Return all the data verbatim but without images.

» **AVAILABLE DATA**:
------------------------

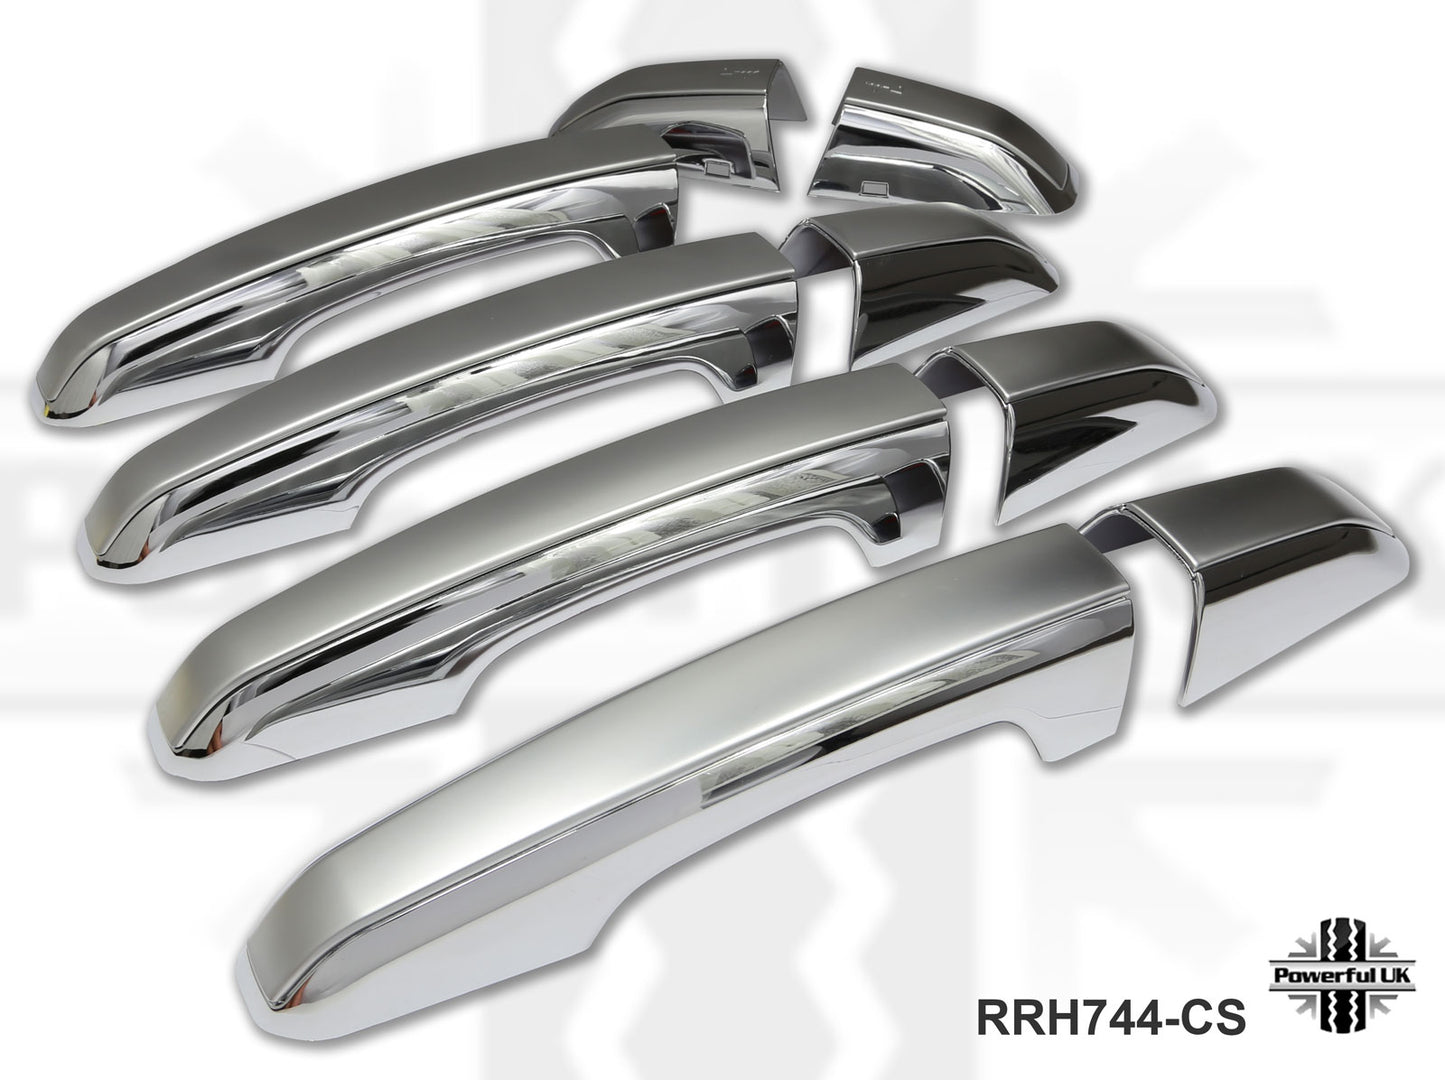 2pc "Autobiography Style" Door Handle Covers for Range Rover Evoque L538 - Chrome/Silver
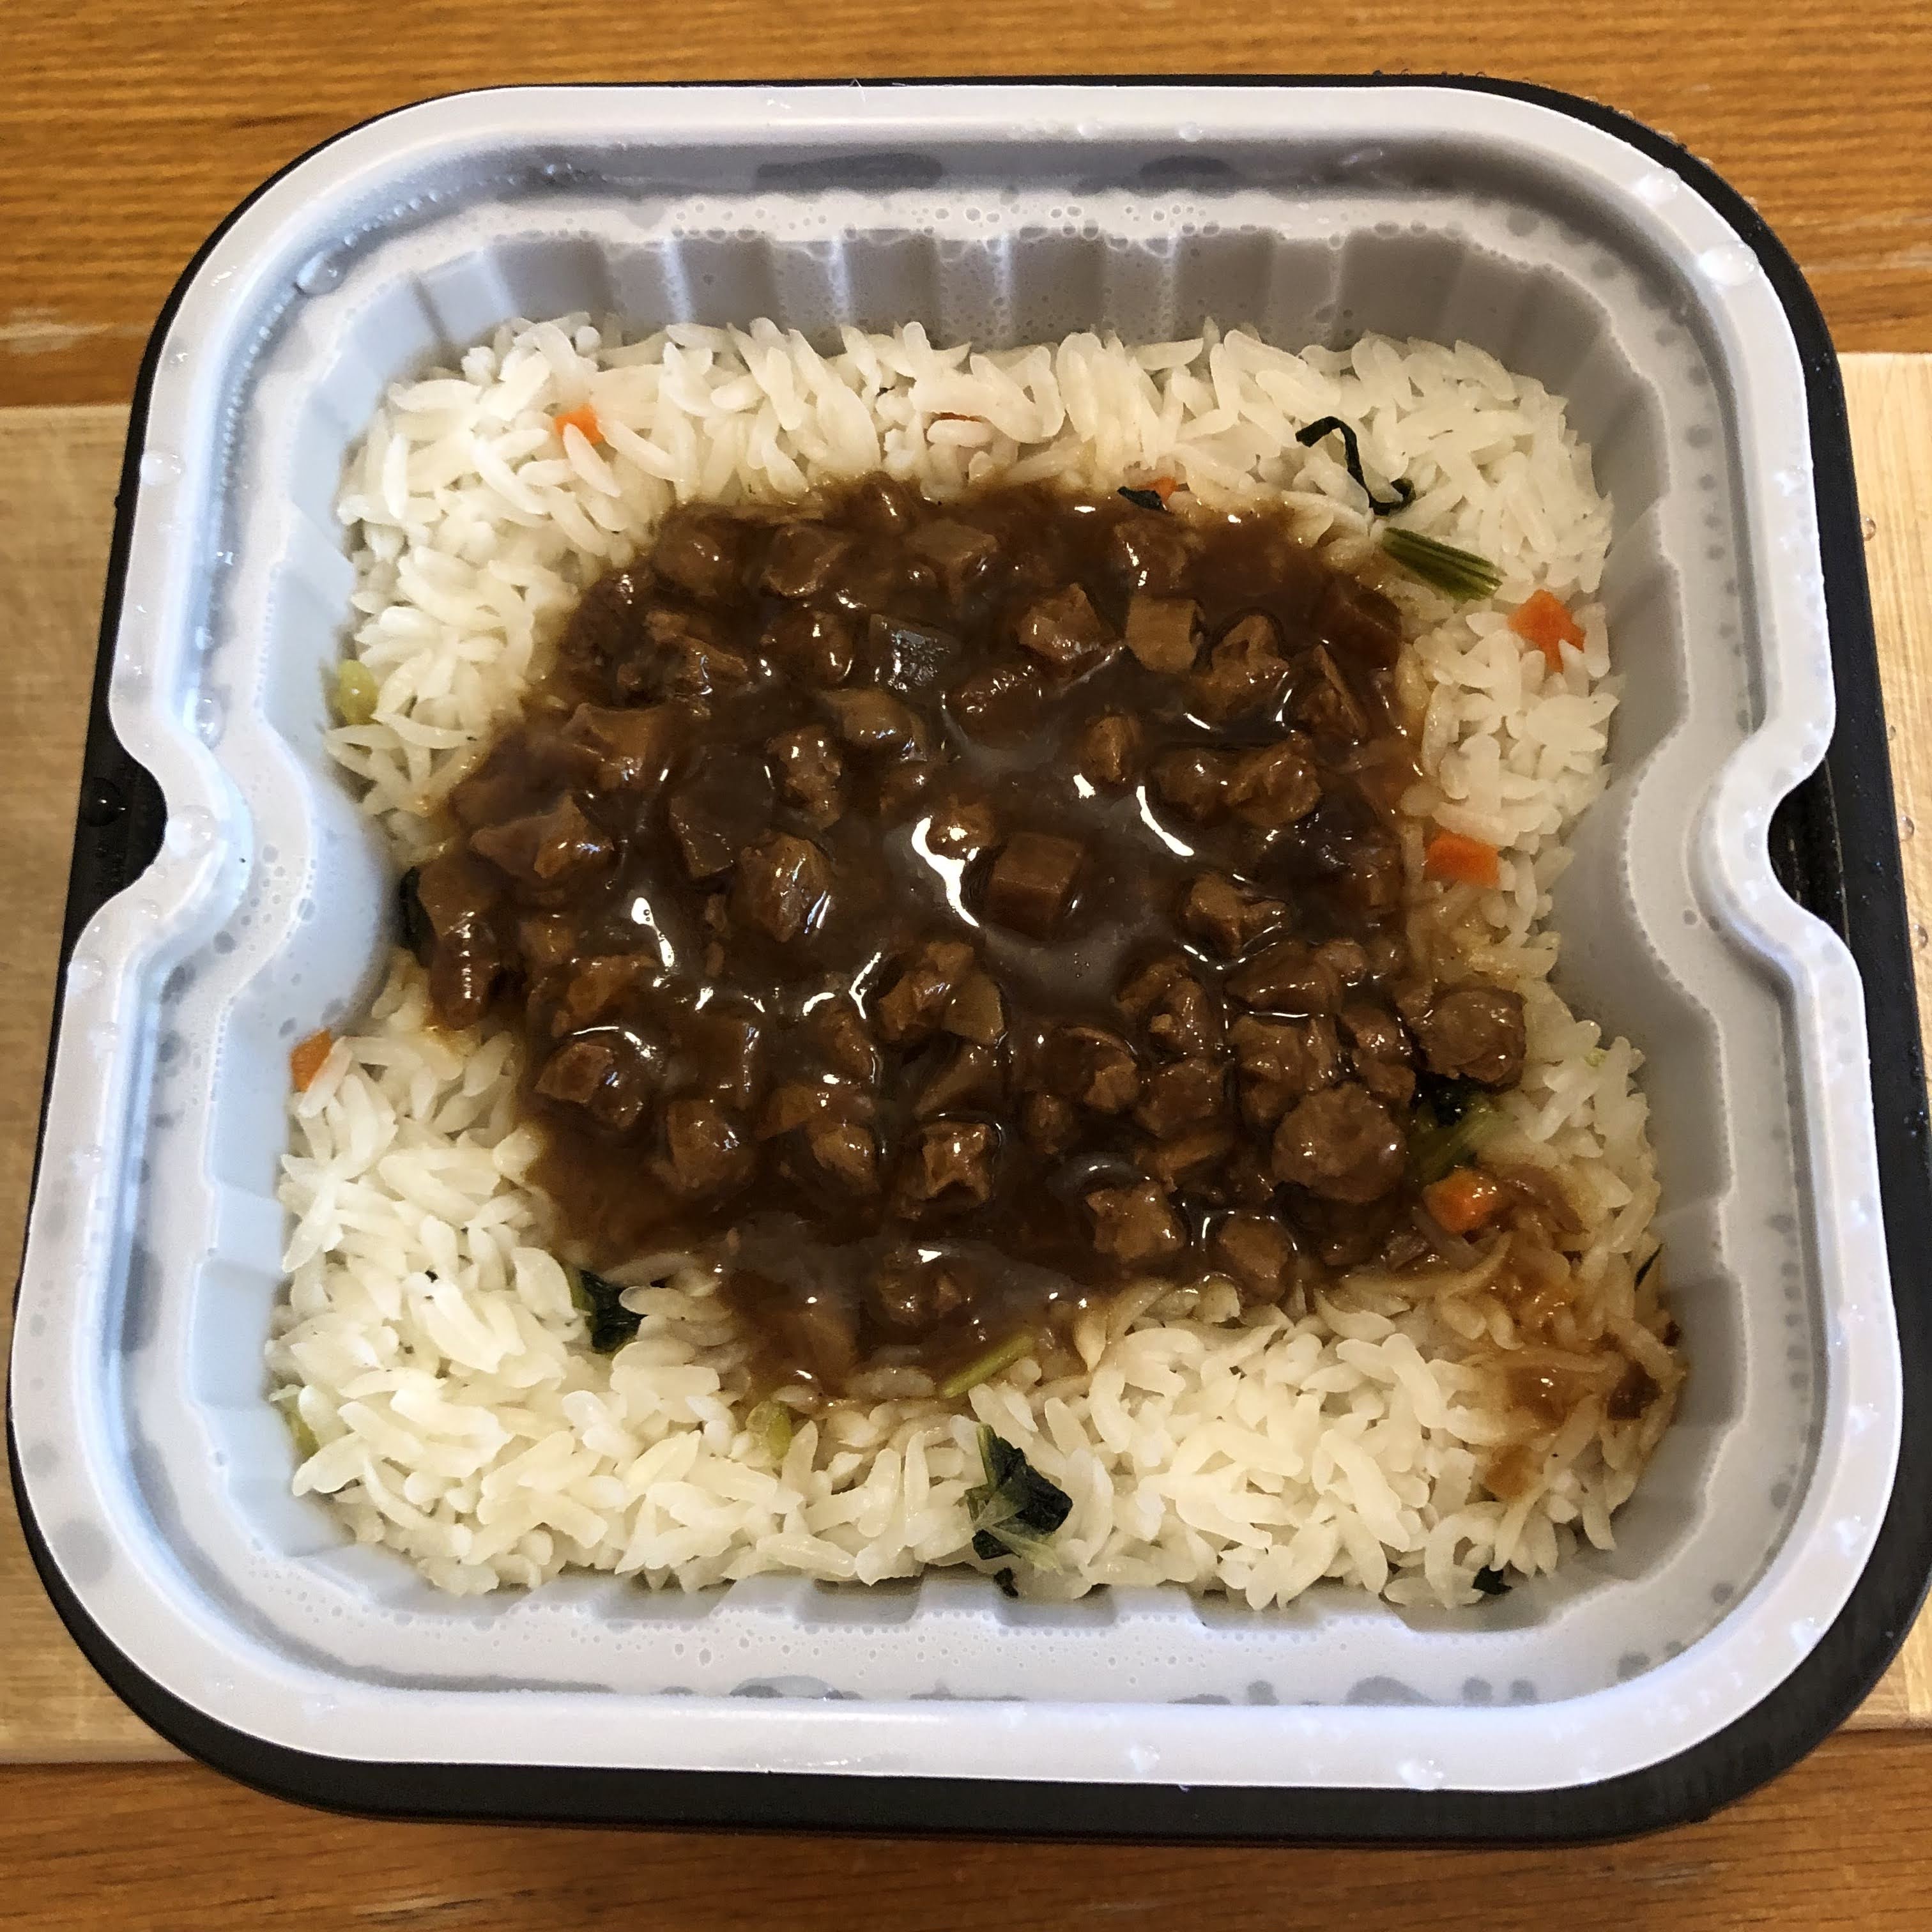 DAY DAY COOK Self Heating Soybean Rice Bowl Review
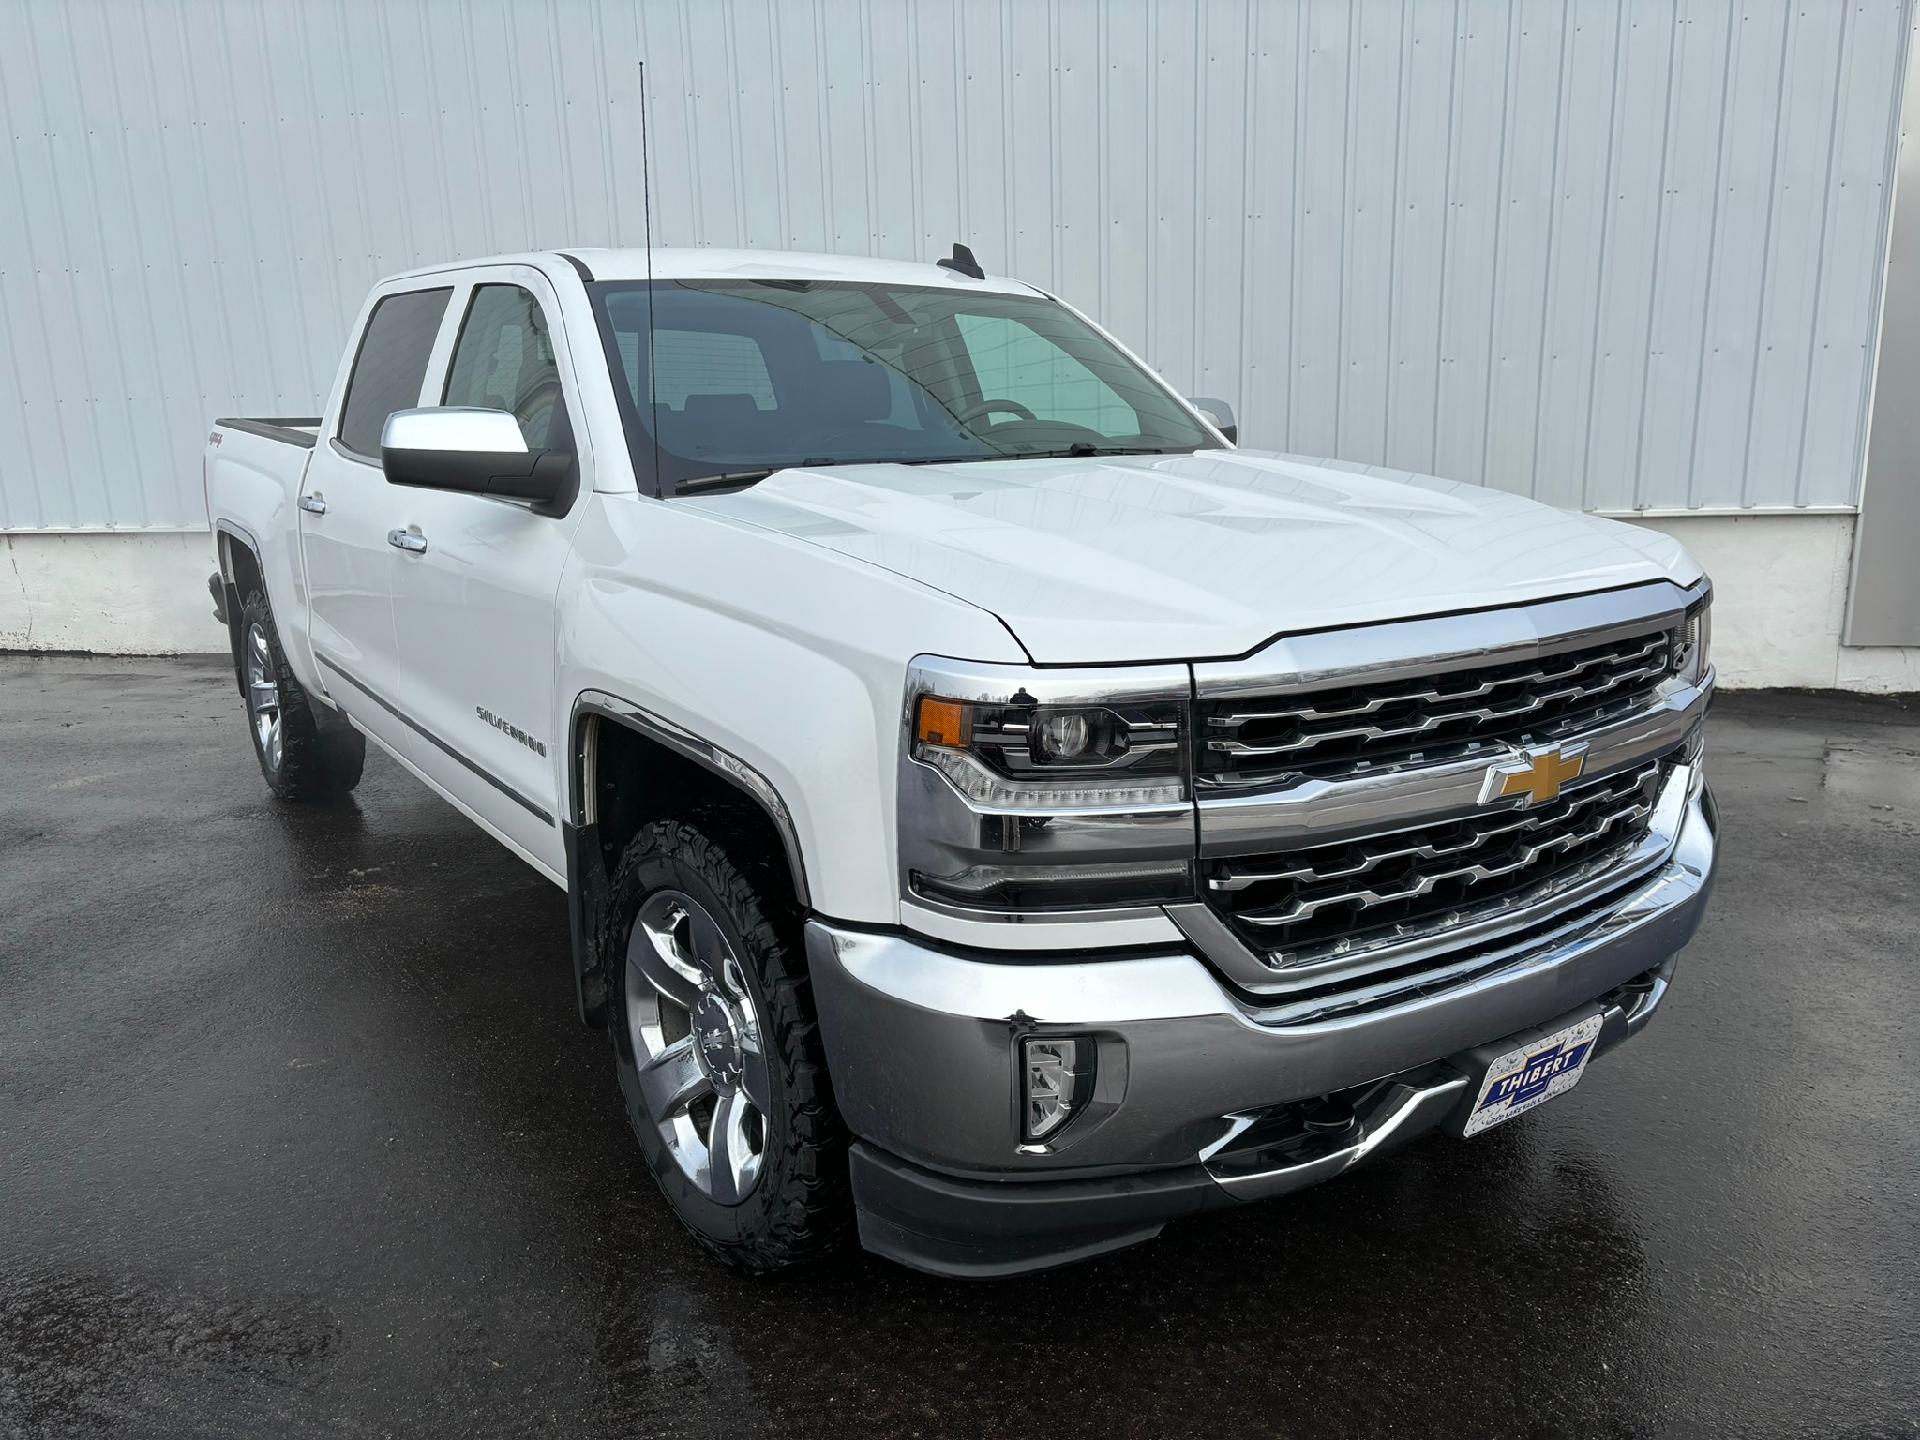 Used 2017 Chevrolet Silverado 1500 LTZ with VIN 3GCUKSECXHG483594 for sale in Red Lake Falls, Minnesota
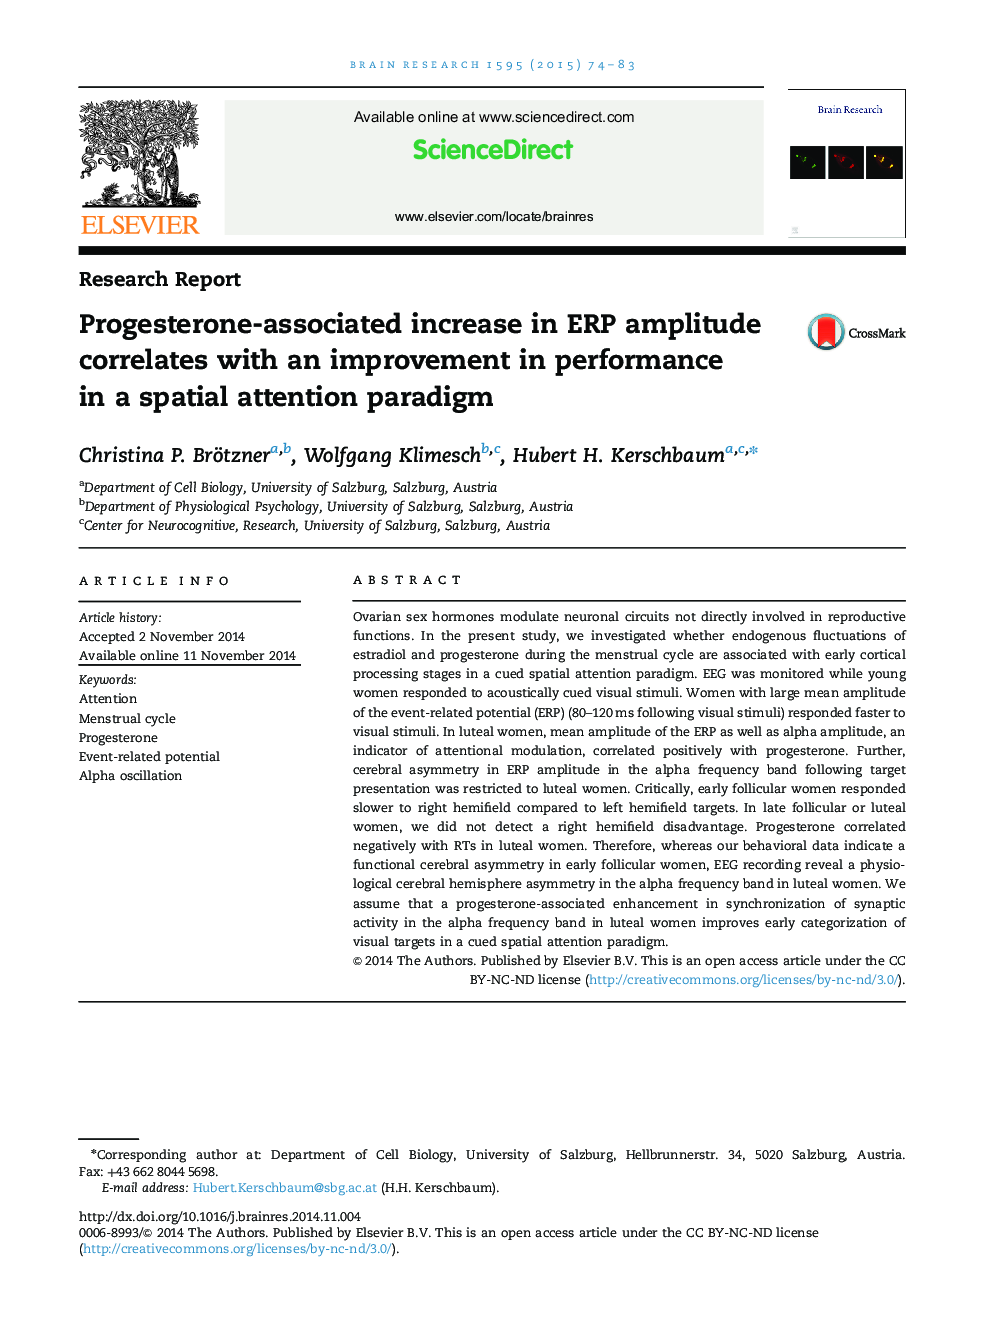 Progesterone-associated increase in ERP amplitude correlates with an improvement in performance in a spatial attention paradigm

------------------------

» **SOLUTION TO THE EXERCISE**:
 2pc "Autobiography Style" Door Handle Covers for Range Rover Evoque L538 - Chrome/Silver
 DAY DAY COOK Self Heating Soybean Rice Bowl Review
 Used 2017 Chevrolet Silverado 1500 LTZ with VIN 3GCUKSECXHG483594 for sale in Red Lake Falls, Minnesota
 Progesterone-associated increase in ERP amplitude correlates with an improvement in performance in a spatial attention paradigm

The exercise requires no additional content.